-- Opening Marker --
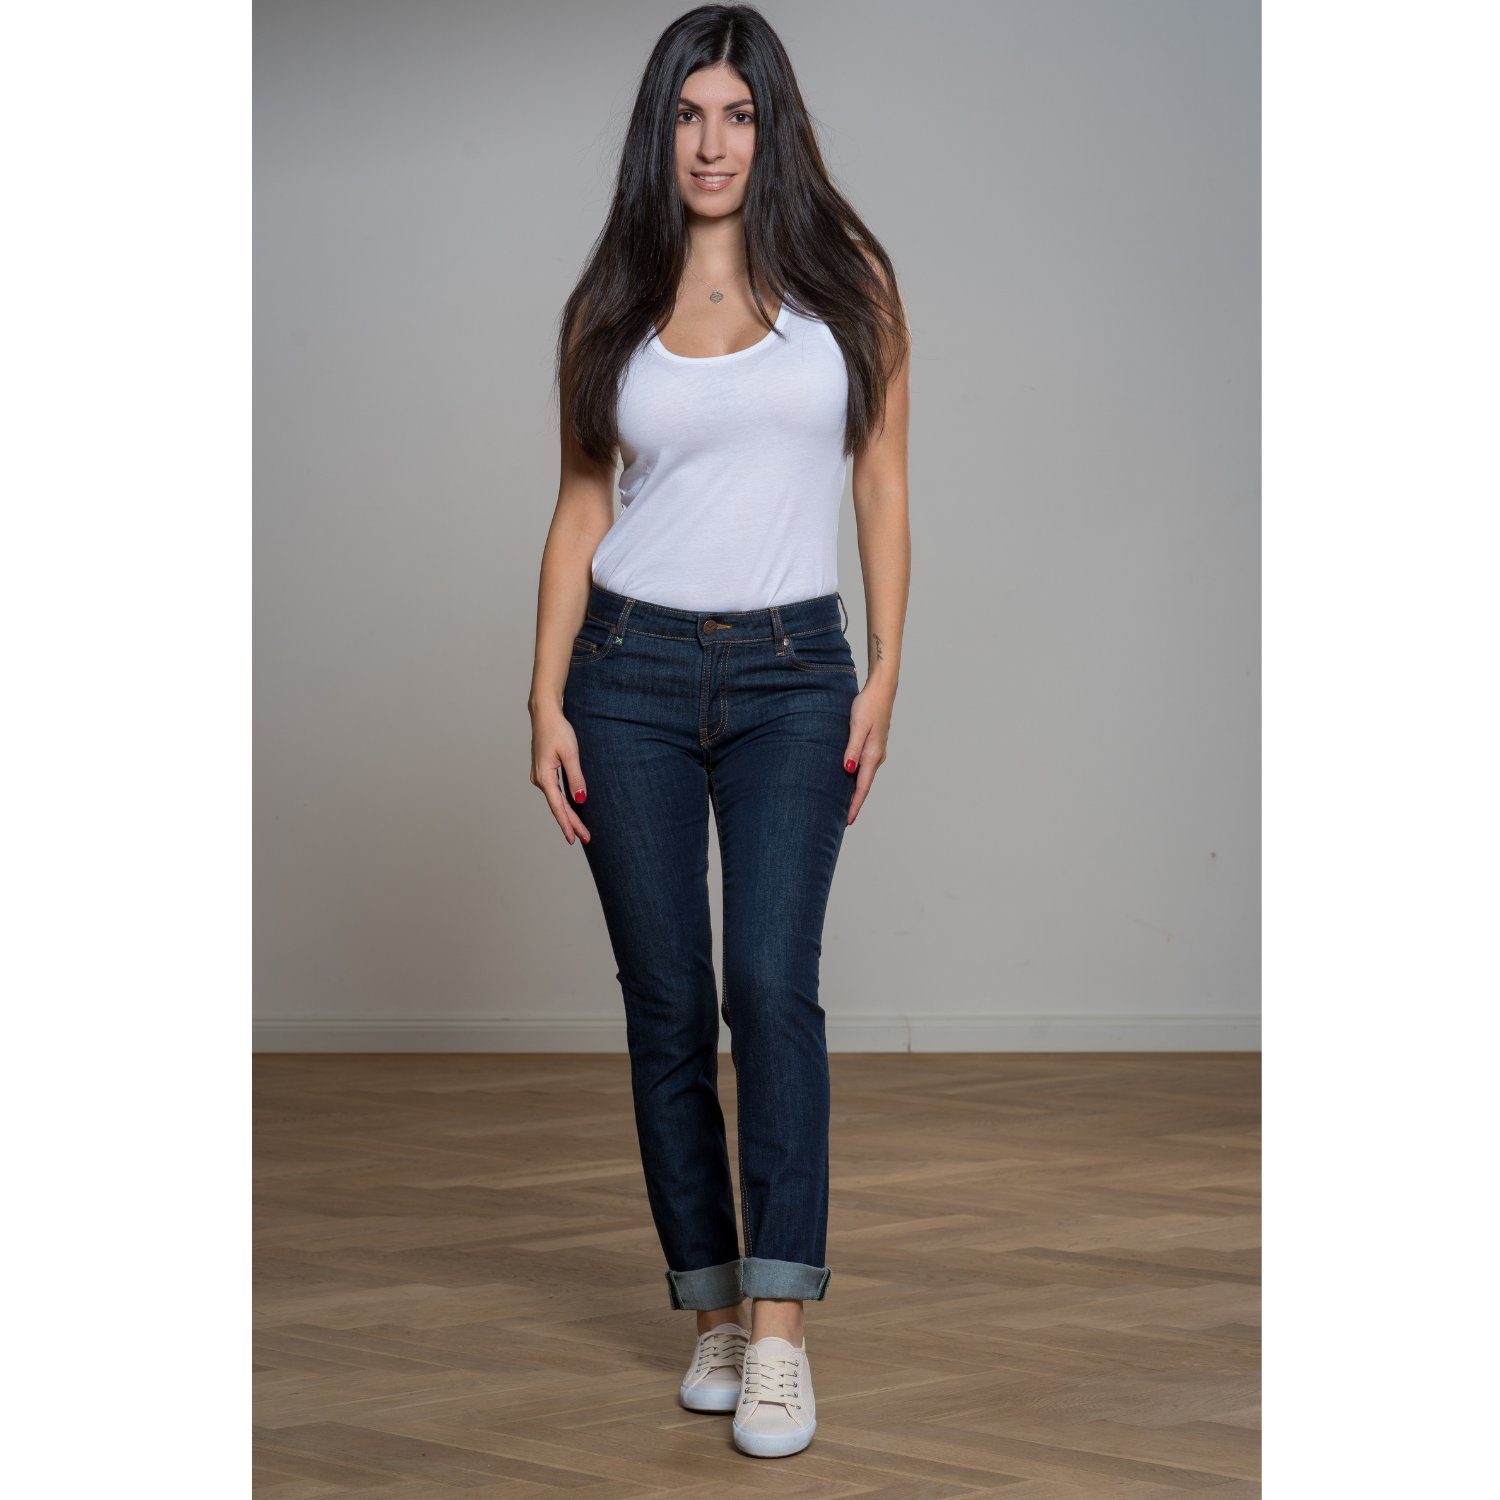 Günstig und beliebt Feuervogl 5-Pocket-Jeans fv-Sve:nja, Slim Fit, Fit Waist, Blue Classic Damenjeans Medium Waist, 5-Pocket-Style, Medium Slim
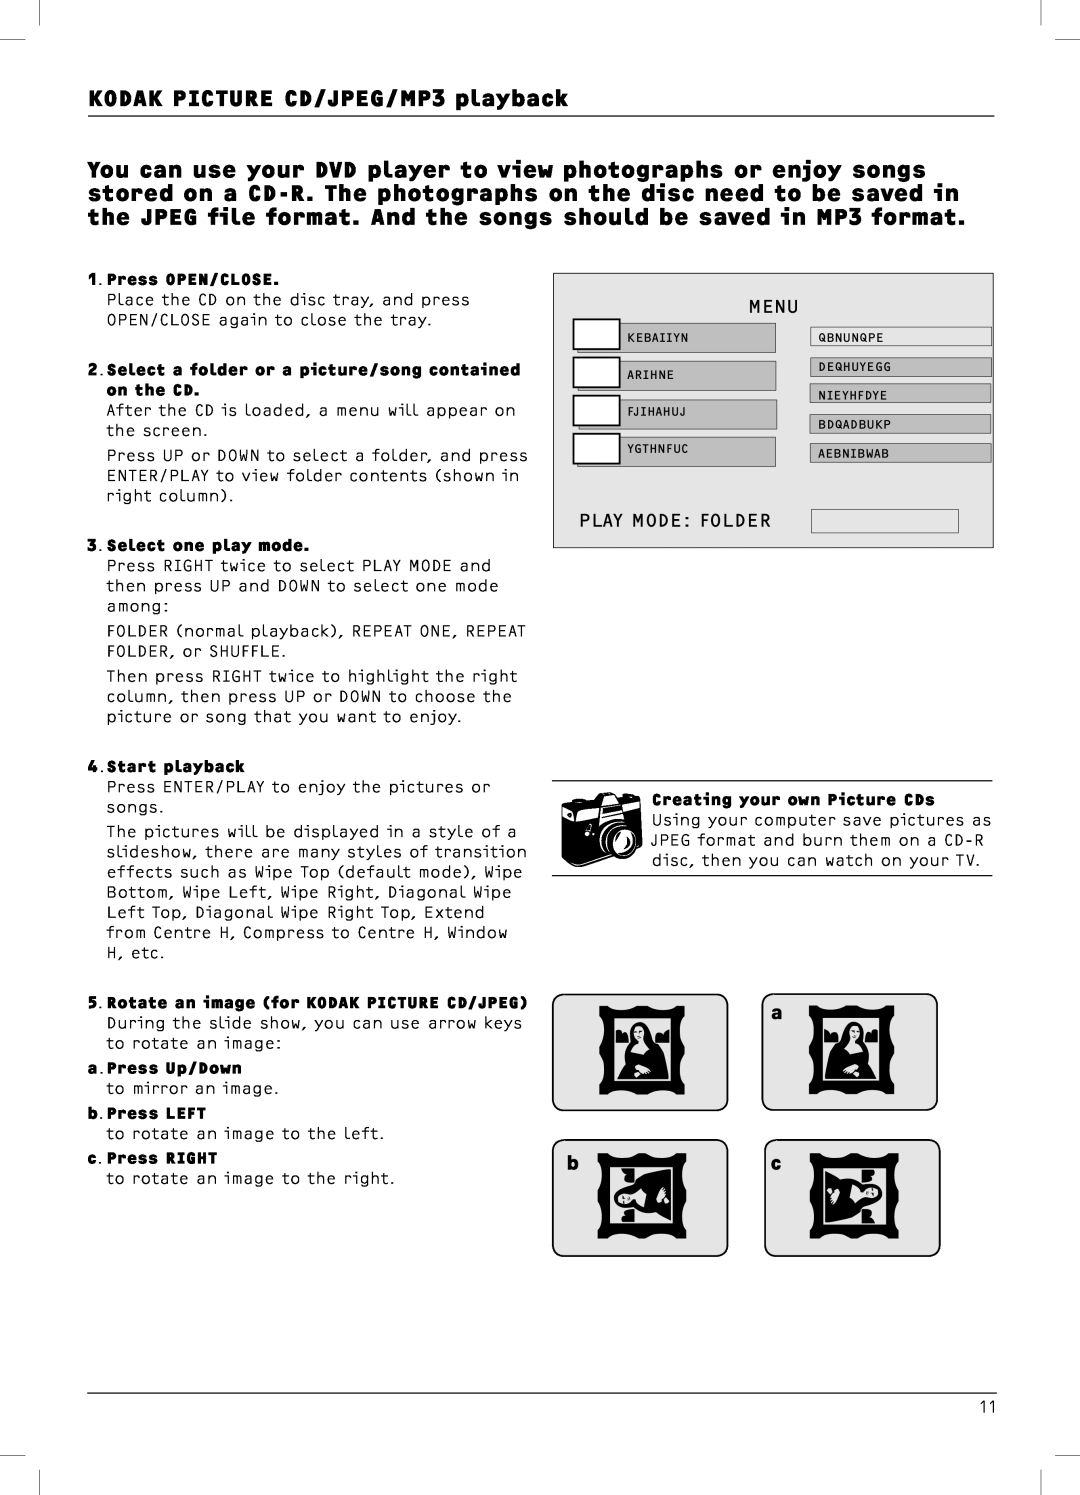 Dolby Laboratories DX4 manual KODAK PICTURE CD/JPEG/MP3 playback, a bc, Menu, Play Mode Folder 
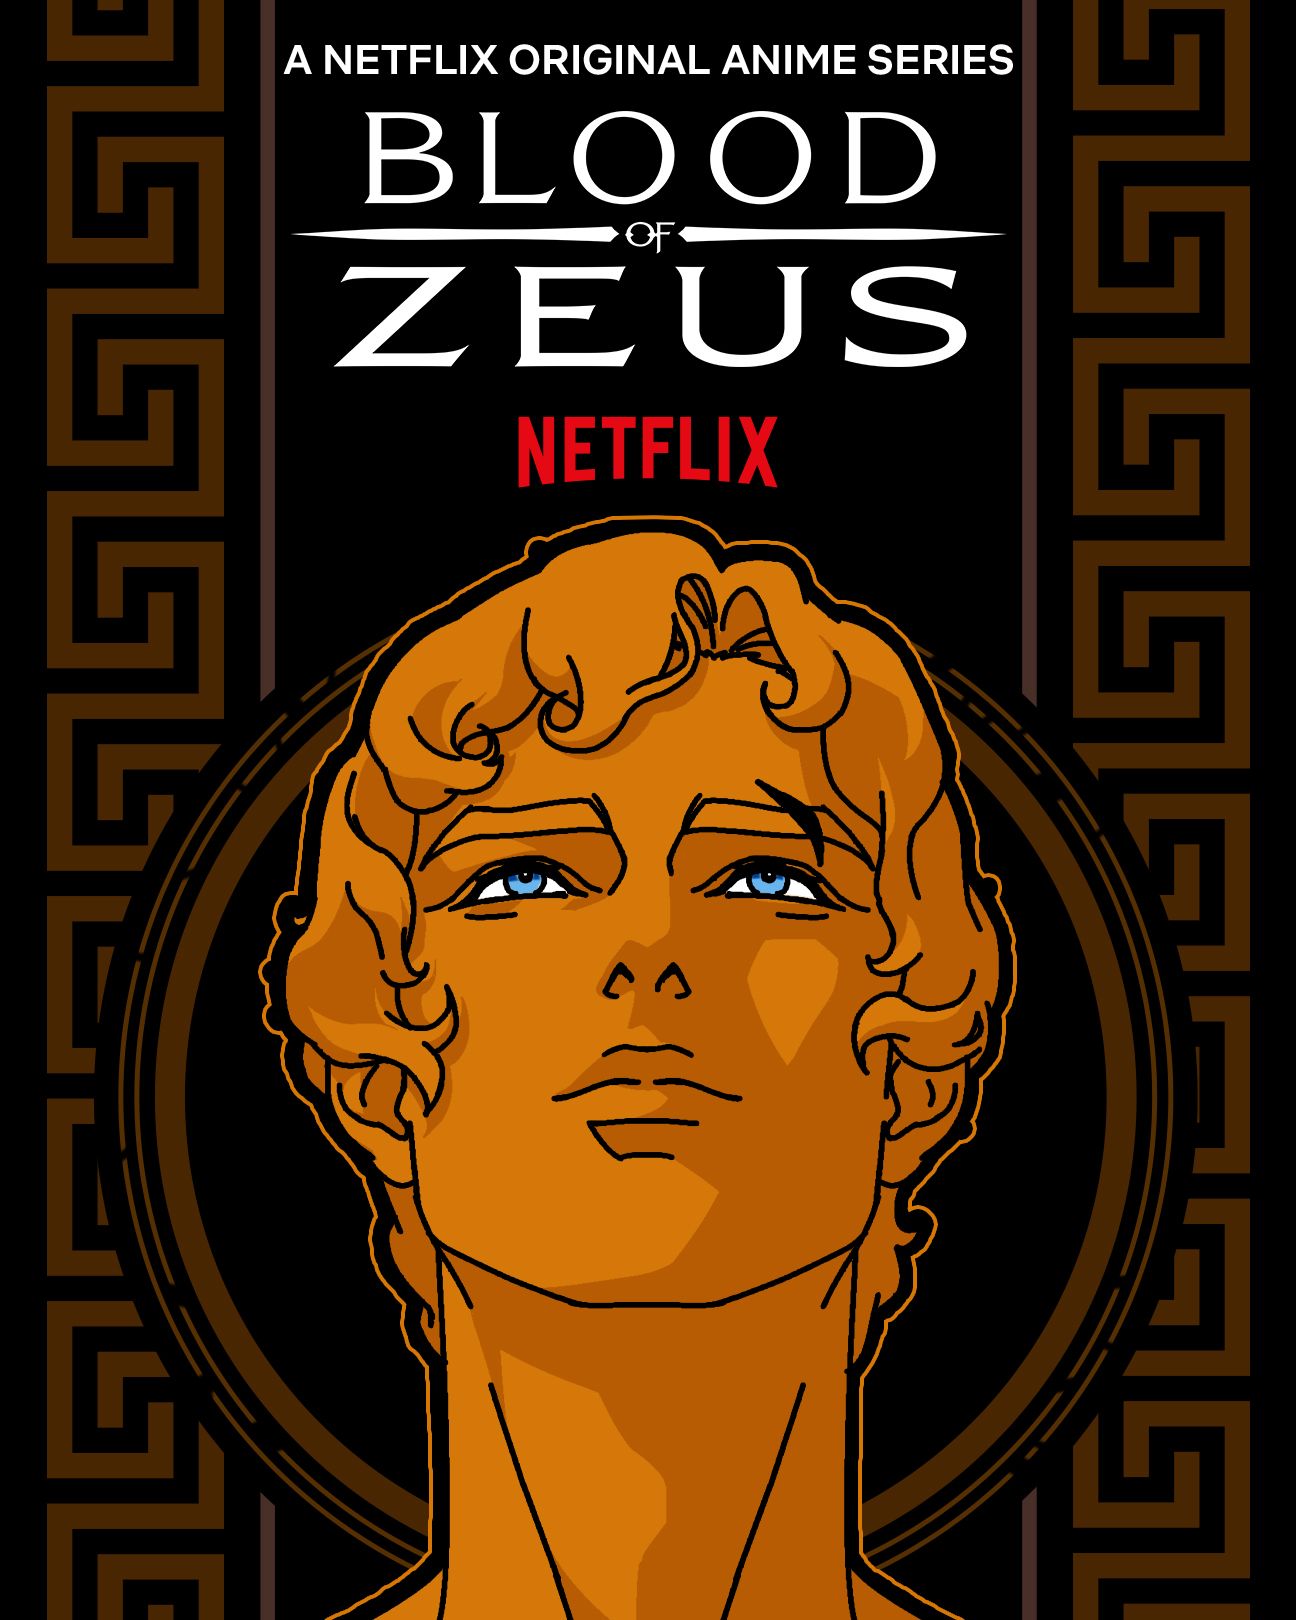 Zeus wallpaper by ilikedetectives  Download on ZEDGE  856d
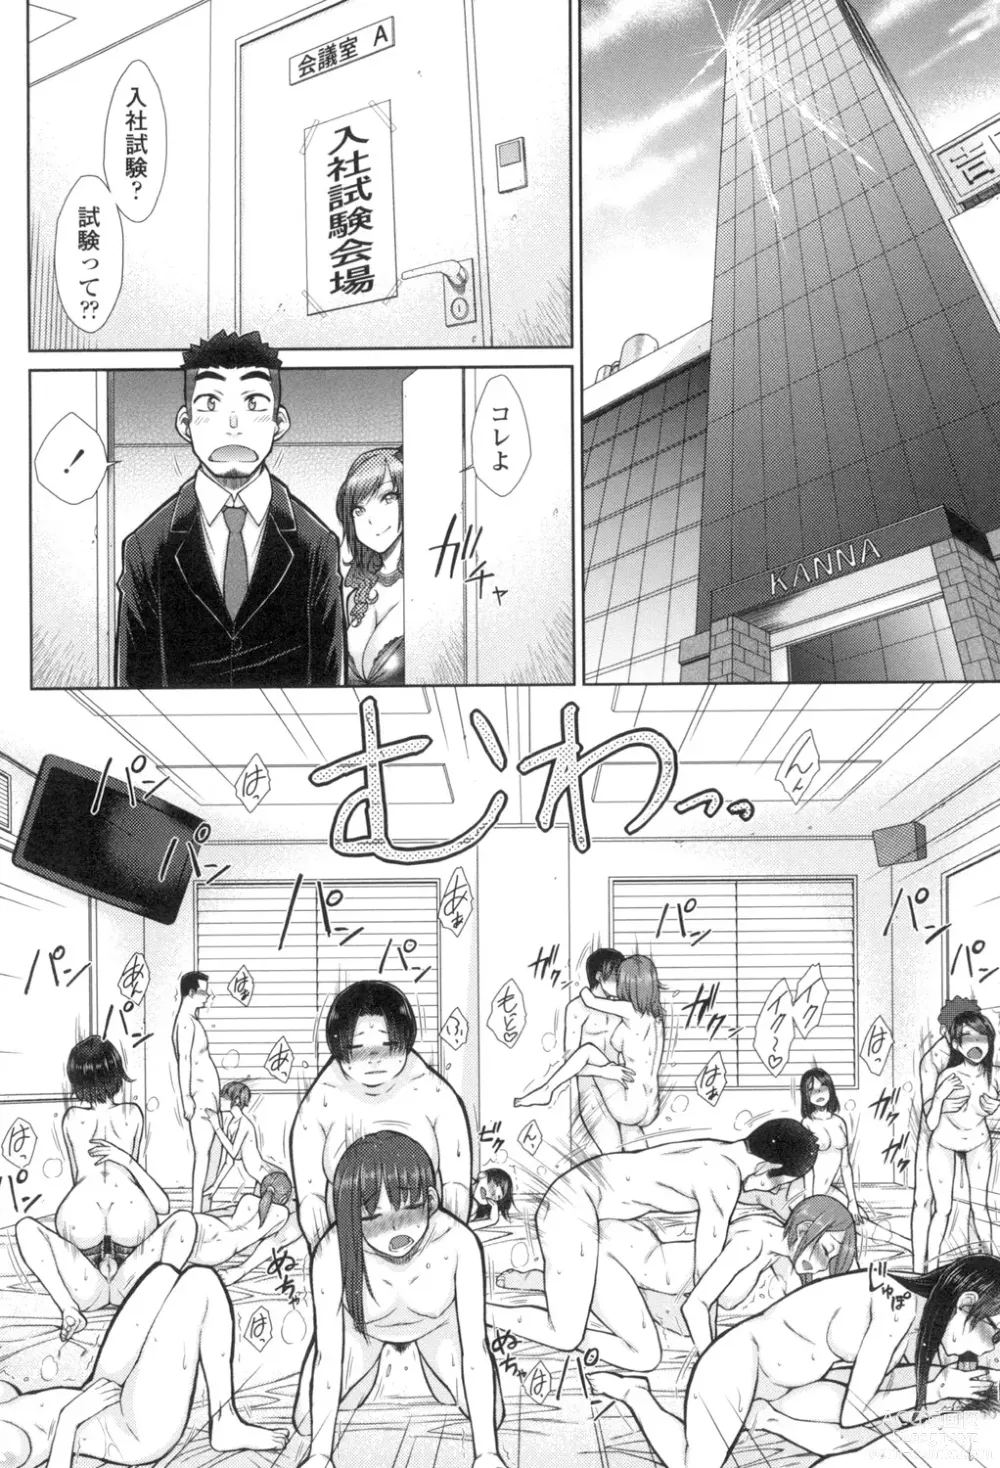 Page 7 of manga Kochira Joshi Shain Senyou Seishorika - Sex Industry Division for Womens Employees Dedicated
-- Closing Marker --
Each line from the top of the material through the line containing "Zeus wallpaper by" should be reproduced exactly; please drop any images.

# EXERCISE RESULT:
 Günstig und beliebt Feuervogl 5-Pocket-Jeans fv-Sve:nja, Slim Fit, Fit Waist, Blue Classic Damenjeans Medium Waist, 5-Pocket-Style, Medium Slim
 Dolby Laboratories DX4 manual KODAK PICTURE CD/JPEG/MP3 playback, a bc, Menu, Play Mode Folder 
 Zeus wallpaper by ilikedetectives  Download on ZEDGE  856d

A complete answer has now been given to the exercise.